As the last of the big four banks, Commonwealth Bank of Australia (CBA) released its quarterly update today. CBA operates on a slightly different financial calendar to the other 3 big banks and this is just an update with a summary, not interim/half year results.

Profit and Earnings
Unaudited cash earnings for the quarter ending March 31 were approx. $1.7 billion. This would put profits at close to $5 billion year to date – which means CBA is on track to beat last years profit of $6.1 billion.

CBA reports that “subdued credit demand” reflects a lack of business and consumer confidence. No real numbers have been published that reflect what this means to CBA’s bottom line. Probability points to flat growth in lending overall.

Funding/Capital Ratio
Like its four pillar brethren, CBA increased its reliance upon customer deposits whilst reducing reliance on wholesale (mainly foreign) funding in the quarter.
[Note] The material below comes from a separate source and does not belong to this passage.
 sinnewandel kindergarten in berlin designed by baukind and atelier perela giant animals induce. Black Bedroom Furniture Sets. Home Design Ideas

Total composition of funding as deposits is now a very robust 61%. This is likely to grow higher if the banks pass on increased cash rates from RBA rate rises.

Tier 1 ratio improved by 19 basis points or 9.9 percent, roughly in line with the other banks.
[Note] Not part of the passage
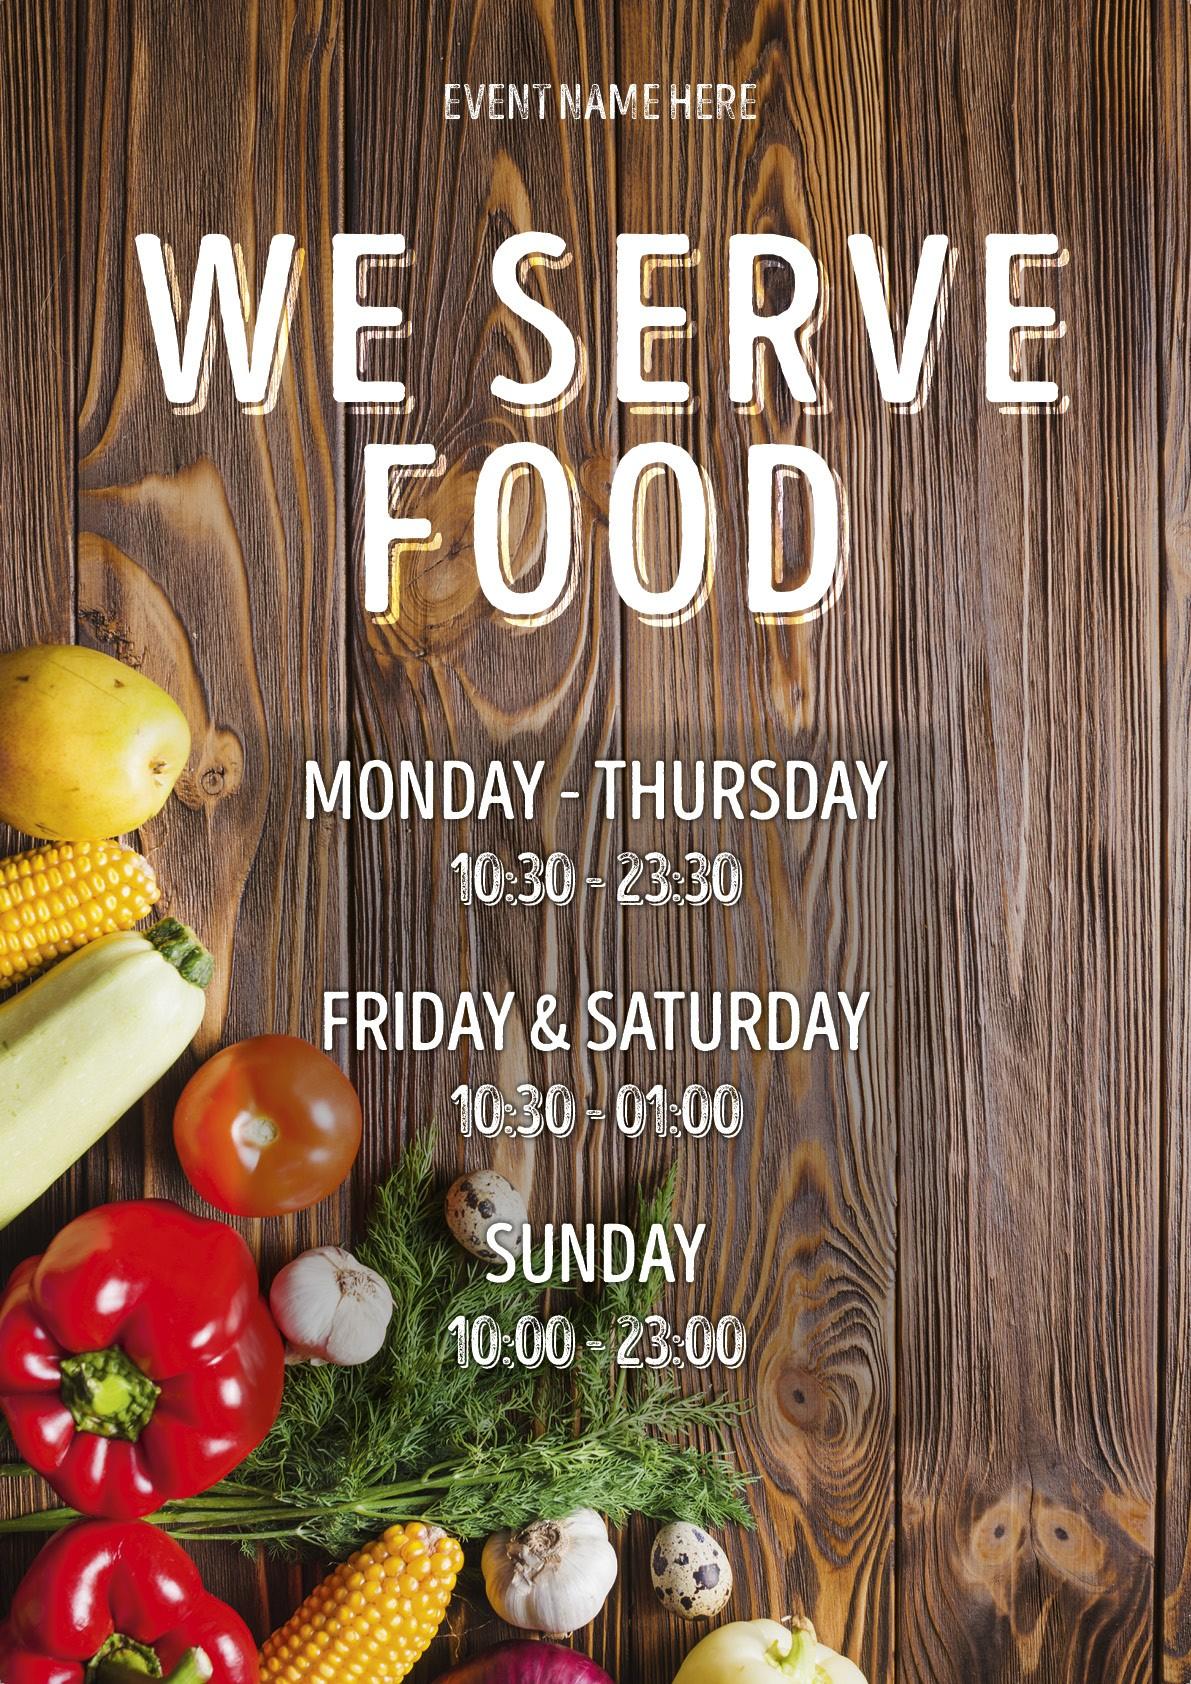 We Serve Food (times) Poster 6

CBA also reduced its total impairment expense to $300 million in the quarter, or “only” 24 basis points of total average loans.

A closer look at the arrears rates show that over $2.8 billion in residential mortgages are now 90 or more days past due. This is a deterioration of 11% from the previous quarter, where only (sic) $2.5 billion were in a similar predicament. This is in line with other banks – but remember CBA has a larger proportion of residential mortgages on its balance sheet than anything other institution.

Corporate impaired assets reduced overall, probably due to foreclosures, but 90 days arrears have jumped by almost 20%. Other retail loans are also up some 20% whilst provisions have not changed.

Other Divisions
Notably, CBA’s Wealth Management division only increased Funds under Administration by 0.2% for the quarter – barely 1% annualised growth. Insurance grew their premiums, although updates on the floods and cyclones were not fully disclosed.

CEO Ralph Norris was cautious, but relatively upbeat in CBA’s future potential:

Whilst the Australian economy continues to perform relatively well, consumer and business confidence remains fragile, resulting in subdued spending patterns and muted system credit growth.

Notwithstanding present challenges, we continue to expect a gradual improvement in operating conditions through calendar 2011, as the economic recovery strengthens and system credit growth rebounds.

Another “boring” result for what is a highly concentrated business reliant upon continued growth in residential mortgages. Arrears are up noticeably quarter-on-quarter, although remains only a small part of the balance sheet. However, if this “growth” does not abate, CBA may have almost $4 billion in mortgages in arrears by the end of the calendar year, or well over half of annual profit.

CBA’s current dividend yield of 5.8% and P/E ratio of 12.75 will likely entice investors and institutions will continue to make CBA a large part of their portfolio, but risks remain that the growth phase for banks is over.

Empire Investing will release full valuations of the big four banks in a future post with updated earnings and other metrics covered.

Disclosure: The author is a Director of a private investment company (Empire Investing Pty Ltd), which has no interest in any business mentioned in this article. The article is not to be taken as investment advice and the views expressed are opinions only. Readers should seek advice from someone who claims to be qualified before considering allocating capital in any investment.